TEMPO.CO, Jakarta - Direktur Eksekutif Center for Indonesia Taxation Analysis (CITA) Yustinus Prastowo mengusulkan agar batasan pengenaan bea masuk untuk barang bawaan dari luar negeri dinaikan 10 kali l;pat, menjadi 2.500 dolar AS per individu dan 10.000 dolar AS per keluarga.
Yustinus menilai batasan nilai pabean yang berlaku saat ini yaitu 250 dolar AS per individu dan 1000 dolar AS per keluarga terlalu rendah.Yustinus menilai sudah saatnya batasan nilai pabean tersebut ditinjau kembali.
“Sudah saatnya ditinjau kembali seiring dengan inflasi, tingkat pendapatan dan penyesuaian daya beli masyarakat,” kata dia kepada Tempo, Minggu, 17 September 2017.
Simak: Viral, Video Penumpang Pesawat Bertas Mahal Ditagih Bea Masuk
Yustinus mengatakan, dengan menaikan batas pabean barang dari luar negeri akan mendorong konsumsi masyarakat. “Untuk mendorong konsumsi baiknya ambang batas masuknya disesuaikan. Karena batasnya sudah tidak masuk akal sebenarnya dengan kondisi sekarang,” kata dia.
Yustinus mengatakan Peraturan Menteri Keuangan Nomor 188 Tahun 2010 mengenai impor barang yang dibawa oleh penumpang memang sudah lama ada, namun kurang sosialisasi. “Mungkin penegakan hukum juga kemarin tidak menjadi fokus,” kata dia.
Direktur Jenderal Bea dan Cukai Kementerian Keuangan Heru Pambudi juga mengatakan aturan itu sudah ada sejak lama.
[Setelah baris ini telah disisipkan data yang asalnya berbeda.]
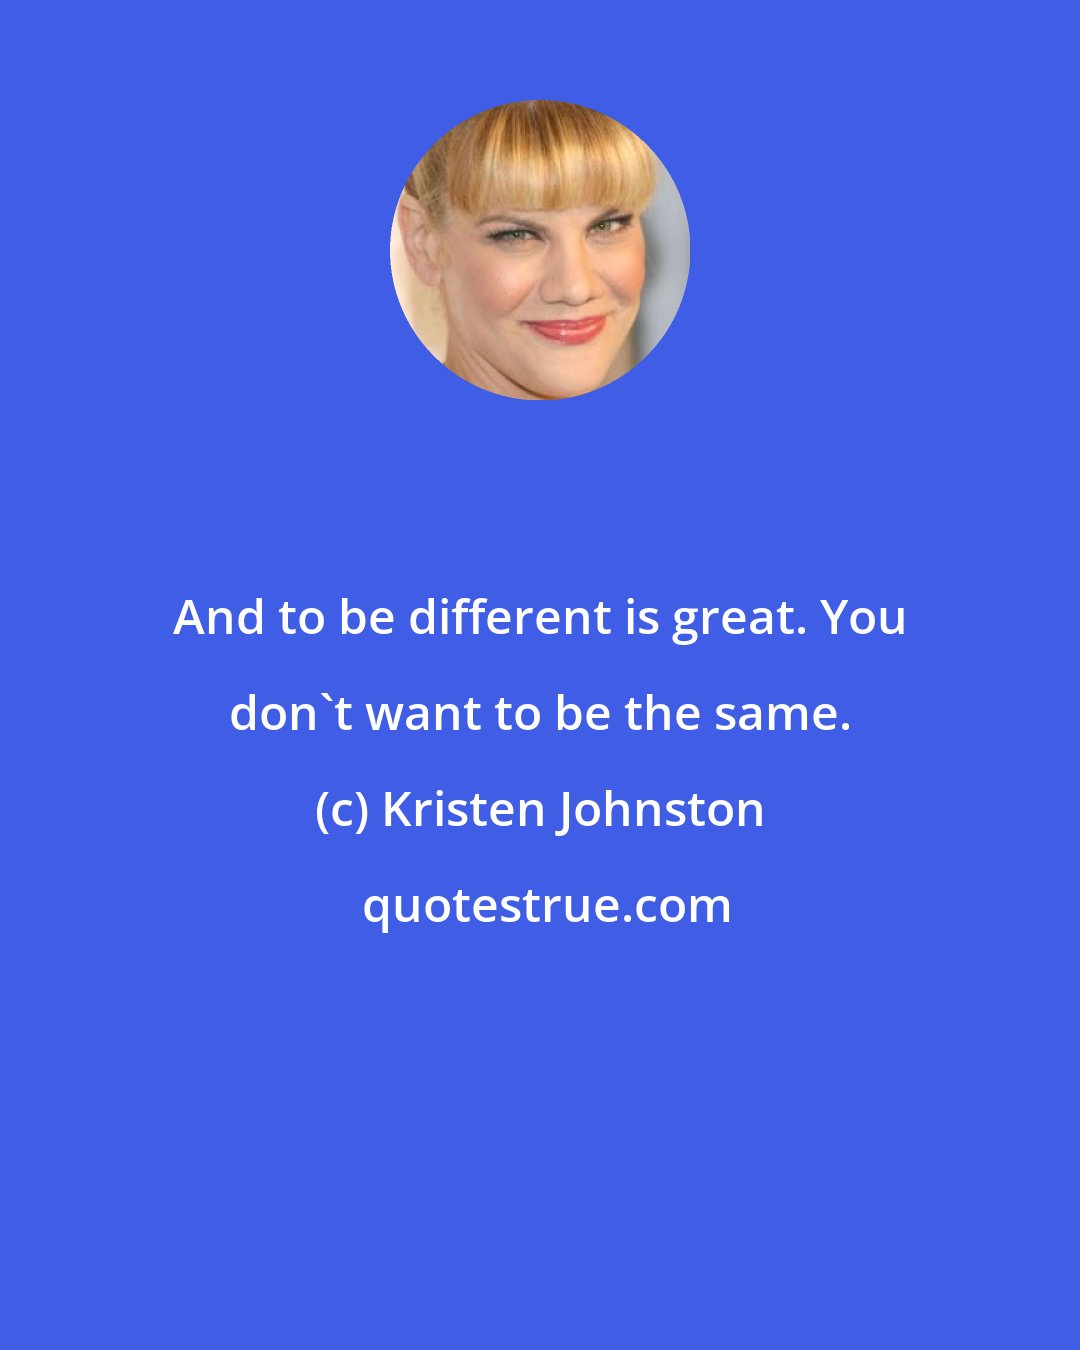 Kristen Johnston: And to be different is great. You don't want to be the same.

Bahkan, menurut dia, telah dilakukan sosialisasi untuk mengenalkan PMK nomor 188 tahun 2010 tentang Impor Barang yang Dibawa oleh penumpang itu.
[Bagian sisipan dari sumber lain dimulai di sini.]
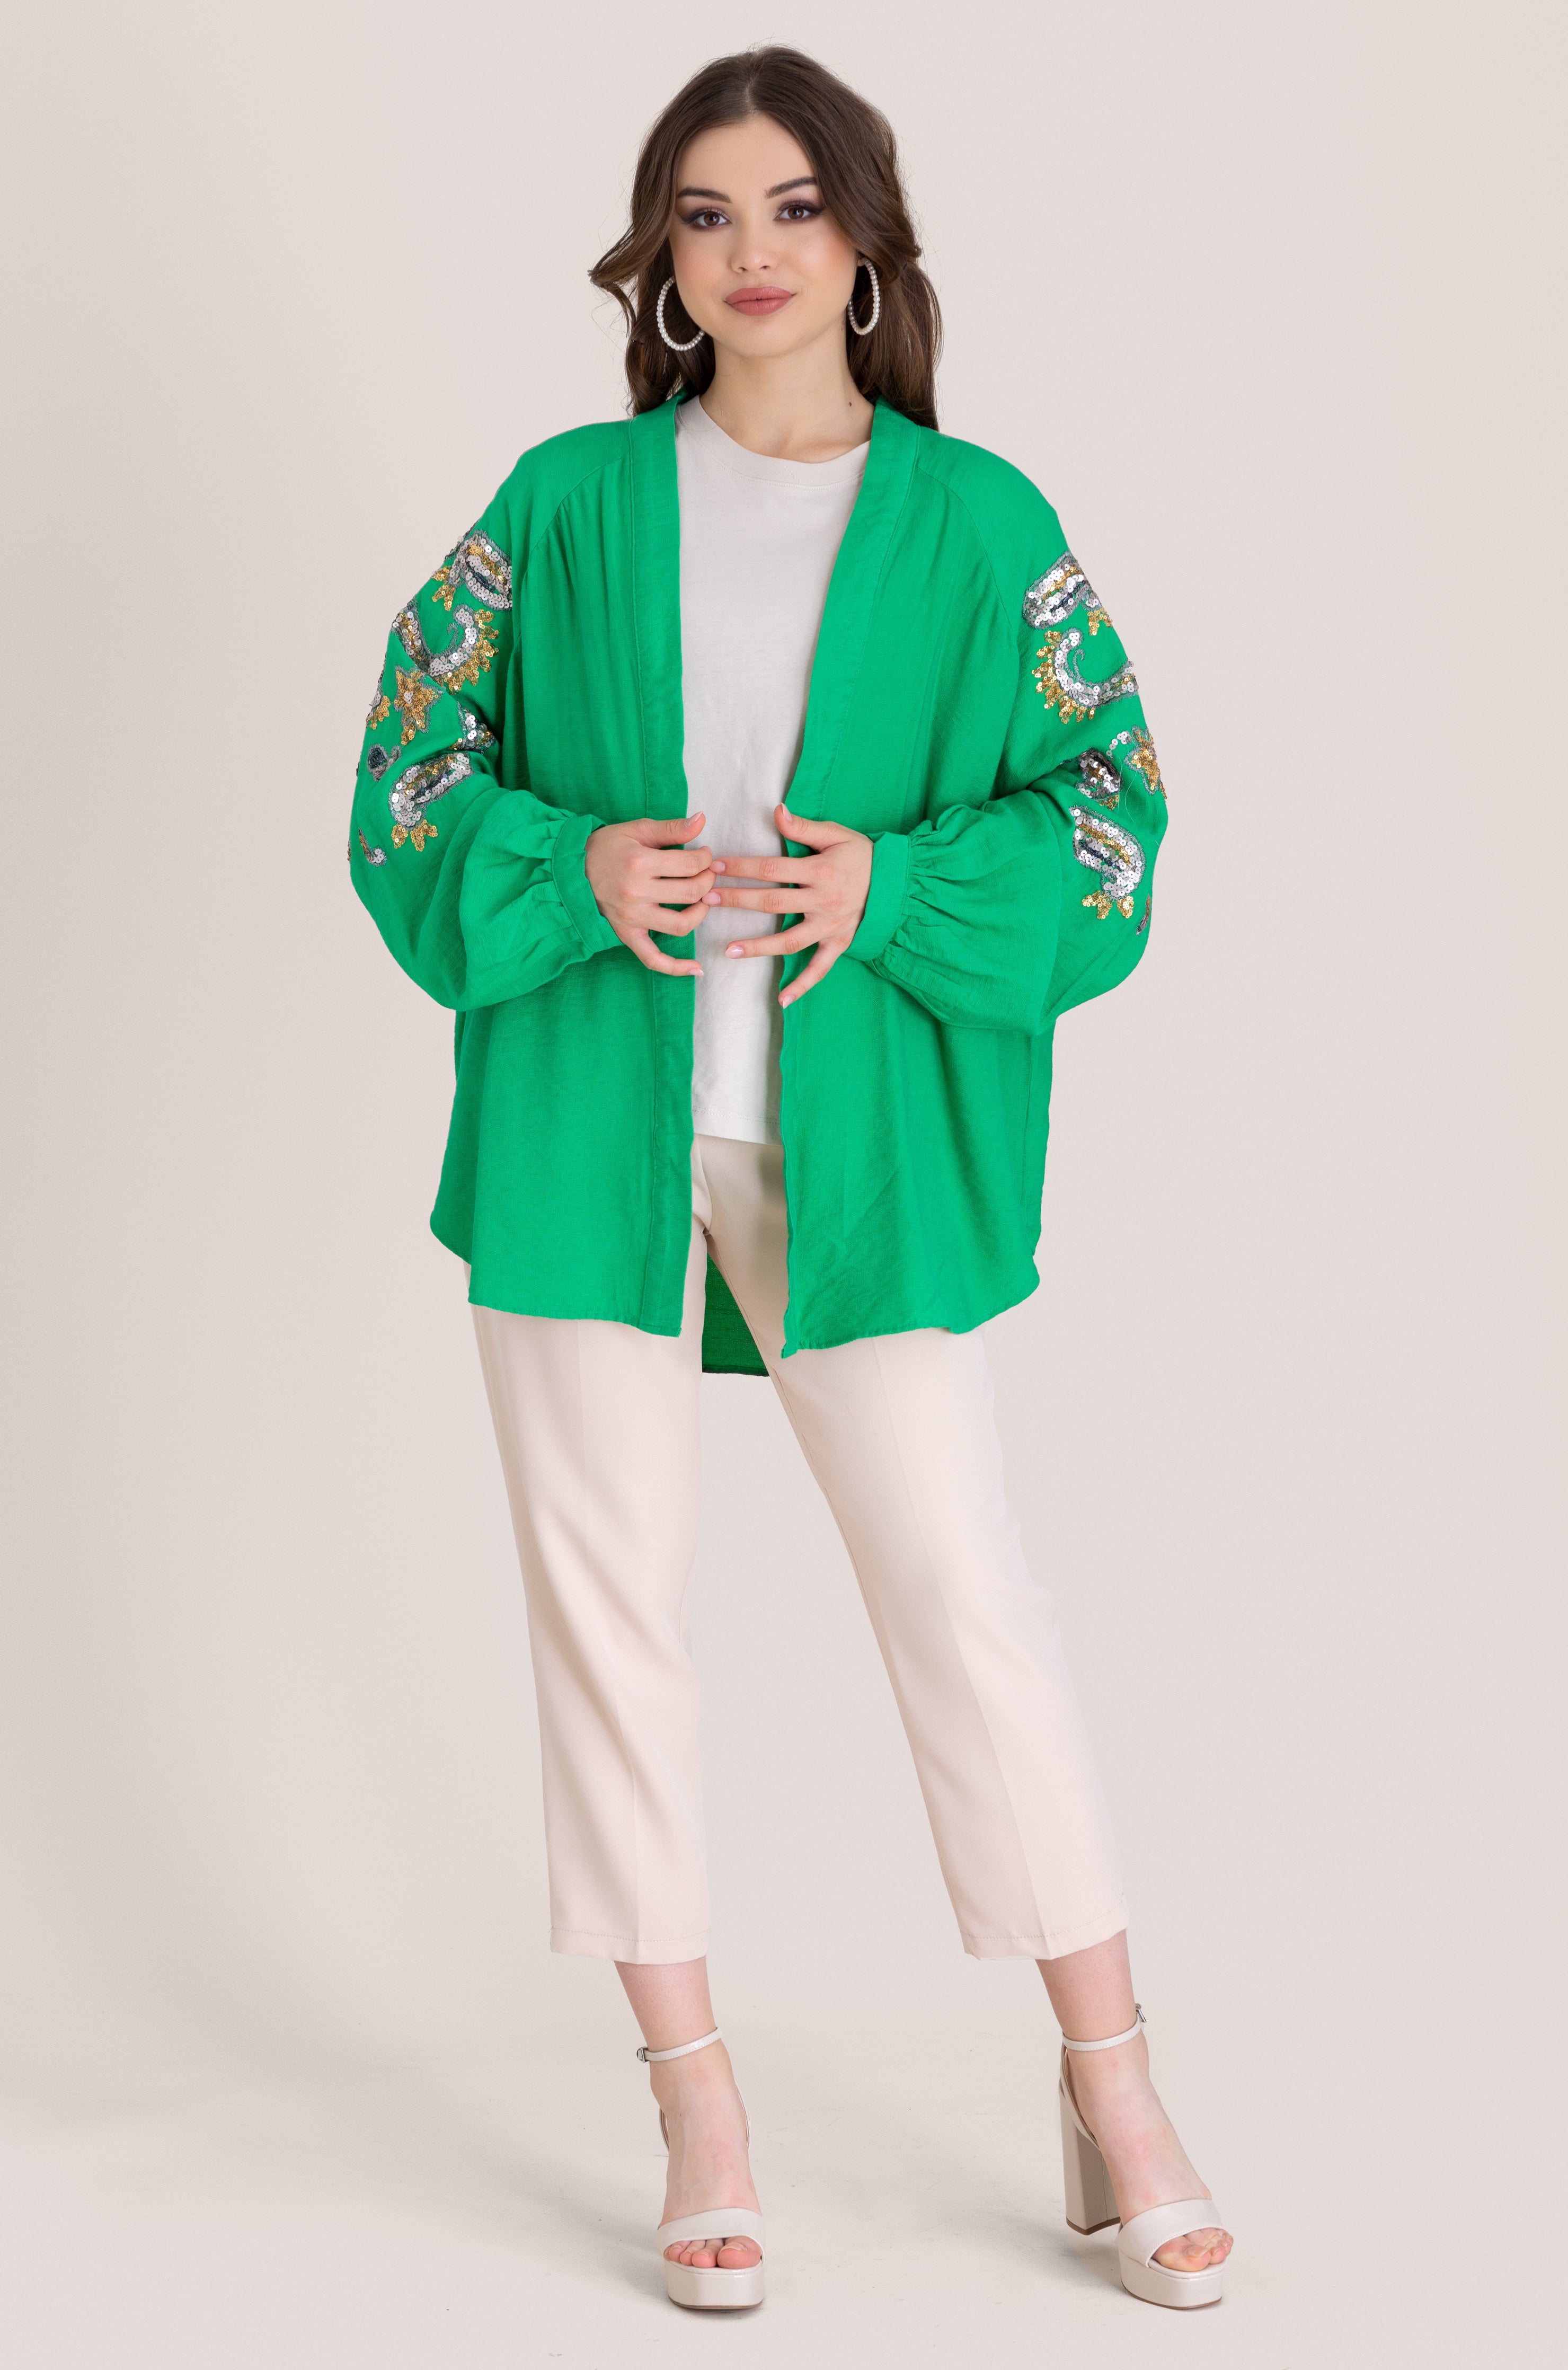 Embroidered Floral Cardigan - Green

“Sudah ada talkshow di radio, acara televisi, penjelasan melalui media sosial, hingga aplikasi di Android mengenai cara menghitung bea masuk untuk barang penumpang,” ujar Heru.
Sebelumnya, sempat viral sedikitnya dua video dan berita acara mengenai penarikan bea masuk penumpang yang membawa tas bermerek dengan harga di atas 250 dolar AS oleh petugas Ditjen Bea Cukai.
Dalam salah satu video, tampak petugas bea cukai Bandara Soekarno-Hatta memeriksa dua orang penumpang warga negara Indonesia yang datang dari Singapura. Mereka membawa sebuah tas bermerek yang masih terbungkus rapi.
Saat diperiksa, petugas mendapati bahwa harga tas tersebut lebih tinggi dari batas maksimum harga barang yang bebas dari bea masuk. Petugas lantas mengenakan bea masuk pada penumpang tersebut.
Penumpang itu lantas berargumen pada petugas mempertanyakan aturan pengenaan bea masuk tersebut. Dia berujar sebelumnya tidak pernah dikenakan biaya masuk untuk barang yang dibawanya.
Pasalnya, menurut penumpang tersebut, tas itu akan digunakannya sendiri dan bukan untuk dijual kembali, sehingga semestinya tidak dikenakan bea masuk. "Kalau beli banyak, mungkin oke. Kalau satu masa kena bea juga?" kata dia.
Penumpang itu kemudian diarahkan untuk bertemu petugas Pemeriksaan dengan Tujuan Tertentu (PDTT) untuk diperlihatkan soal aturan dan dihitung besar biaya masuk barang yang harus disetorkannya.
Saat bertemu petugas PDTT, sang penumpang ditagih biaya masuk dan pajak dengan total sebesar Rp 5,4 juta dengan rincian 15 persen bea masuk, Pajak Pertambahan Nilai (PPN) sebesar 10 persen, dan Pajak Penghasilan (Pph) sebesar 10 persen. Pada mulanya, dia keberatan dan sempat menawar agar biaya yang perlu dibayar bisa lebih murah. Namun akhirnya dia bersedia membayarnya.